In a widely circulated notice in March, Sarft announced restrictions on the new co-productions, saying that each foreign media entity would be restricted to just one joint venture.

“We must exercise control over the content produced by joint companies and must understand the political tendencies and background of overseas partners and prevent harmful foreign thinking or culture from coming into our production sector through joint ventures,” the announcement said.

Last month brought another move that some insiders interpreted as more evidence of resurgent cultural conservatism at the highest levels of government: Several of the more internationally focused film fests in China, including the Shanghai Intl. Film Festival, were reoriented by the Ministry of Propaganda as local festivals. The ministry is Sarft’s controlling body.

It has not been a smooth ride for some overseas film studios looking to shoot in China. Sarft is like a “persnickety bride,” being courted by everyone but giving very little in return, says one European film exec.

Other execs highlight the dangers of trying to establish a co-production in China, where the authorities have the power, and sometimes the inclination, to pull out of deals at the very last minute, throwing international financing into chaos.

Slice of the pie

Even for those functioning in the market, there are big decisions to be made in terms of what type of co-production partnership to form (joint venture or one-off) and with whom to form it.

“We still like the picture-by-picture model for now,” says Columbia’s Barbara Robinson, “whereby we co-fund a project with a local partner, working with the China Film Co-production Corp. to make sure we have all the right permits.”

One of the key financial advantages of working on films that are ostensibly local is that Columbia Pictures gets to dodge the film quota and the standard revenue-sharing deal that foreign studios are subject to when their films play in China.

Since 1994, foreign movies have accessed mainland cinemas via one of two arrangements.
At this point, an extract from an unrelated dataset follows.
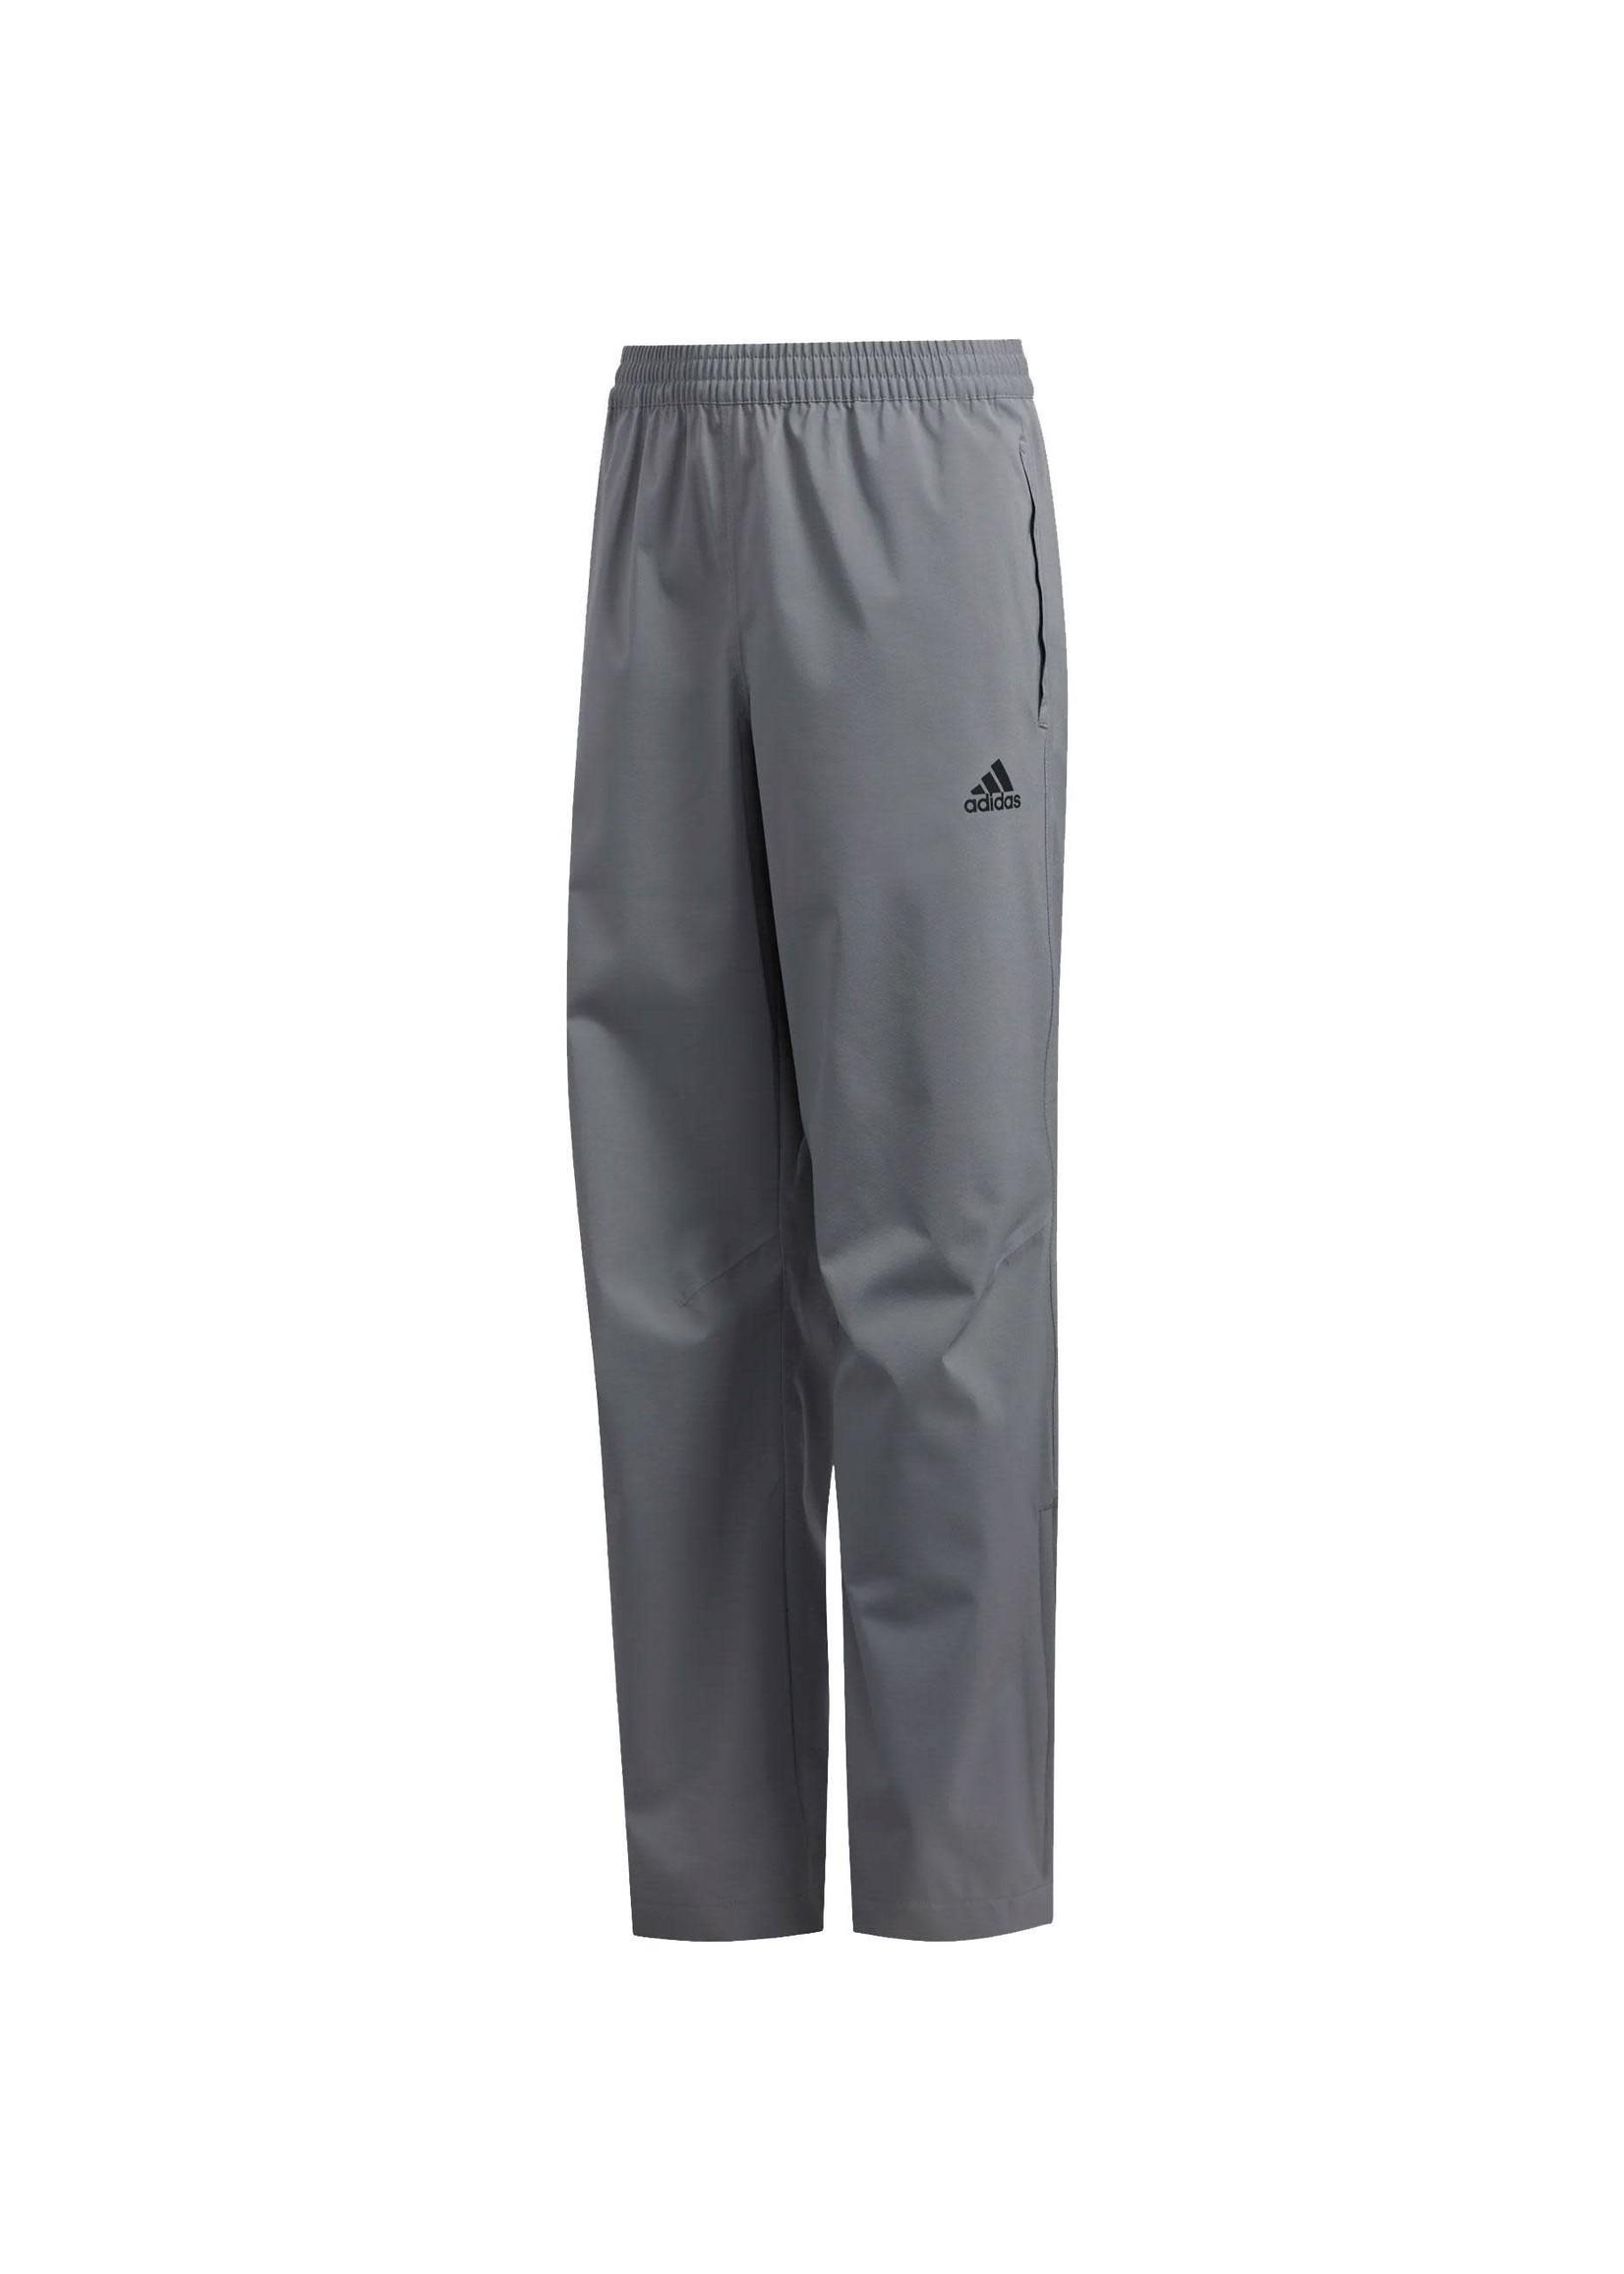 Adidas Adidas Boys Provisional Waterproof Pant
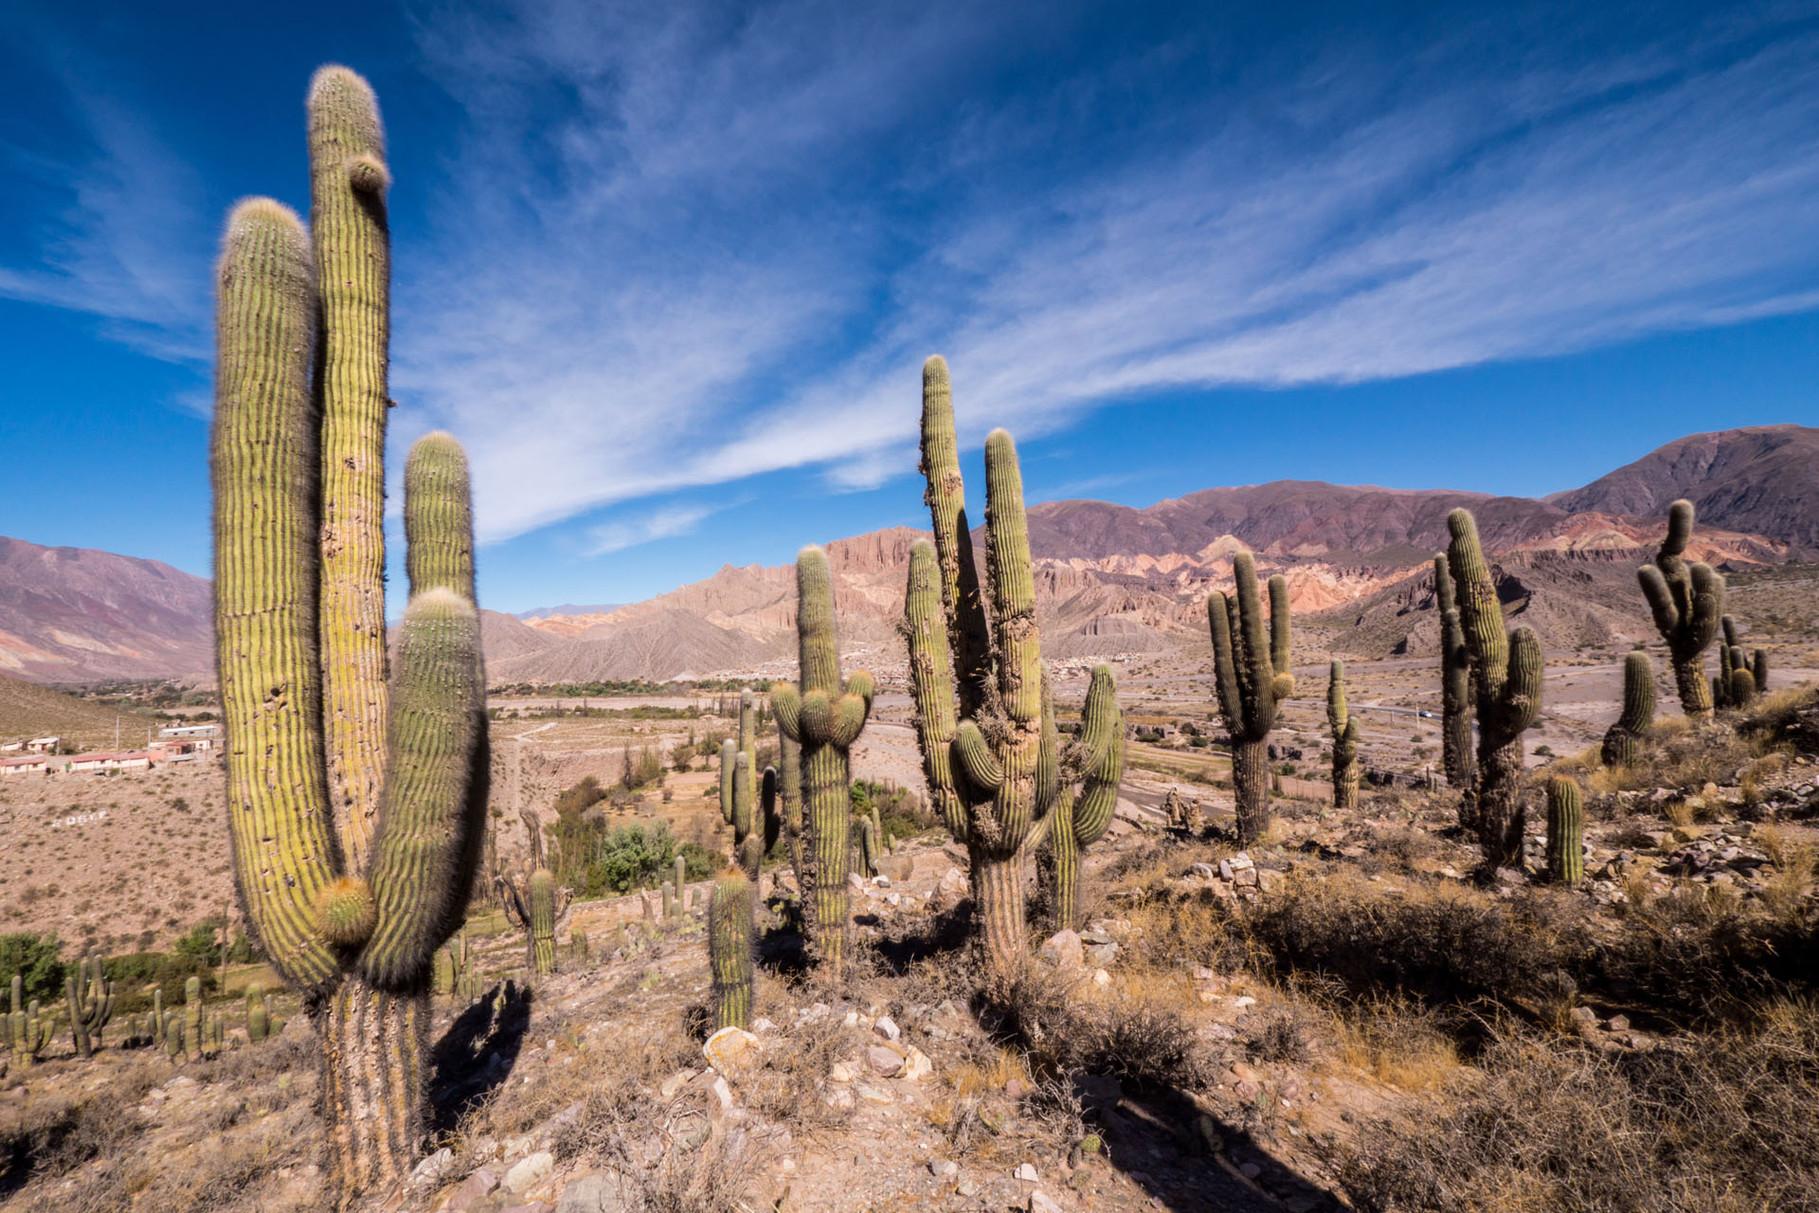 National park Los Cardones (cactus), near Cachi [Argentina, 2014]

Most Hollywood majors attempt to get their films in through a so-called revenue-sharing deal with the China Film Group — still the only organization in China authorized to import foreign titles. Pics in this category are subject to a quota, originally set at 10 films a year. For the last couple of years that number has risen to 20, of which around 16 are usually U.S. movies.

Another group of about 25 films a year are sold to China for a flat fee — described by an insider as “insultingly low in most cases.” Most large studios choose to avoid this method, for fear it undermines their long-term aim of coming in to the market on decent terms.

But decent terms are hard to negotiate in China. Even if you get your film on the official quota list, the potential for profit is limited, with the foreign party’s split restricted to around 13% of B.O.

This is where a local co-production deal like that engineered by Columbia begins to make sense. “Kung Fu Hustle,” for example, was treated as a domestic film, so it was not subject to the quota. And the studio could expect to take home 30%-40% of the box office revenue, according to Robinson. “Our division is a pretty good case in point of profitability,” she says.

The 13% figure has been a bone of contention for years, with the Motion Picture Assn. in particular making repeated requests to film authorities for an increase. Despite several meetings, Jack Valenti never got the number to budge. His successor, Dan Glickman, is set to make his first visit to China in the next month, and the rev split is sure to come up.

“Revisiting the revenue-sharing agreement is one of our greatest concerns in China, along with the need to increase market access and improve protection of intellectual property,” said Glickman in a recent interview with Variety.

“We are working every day toward a review of this arrangement and are optimistic that we can increase revenue share for MPA member companies while increasing revenue for our distribution partners in China.”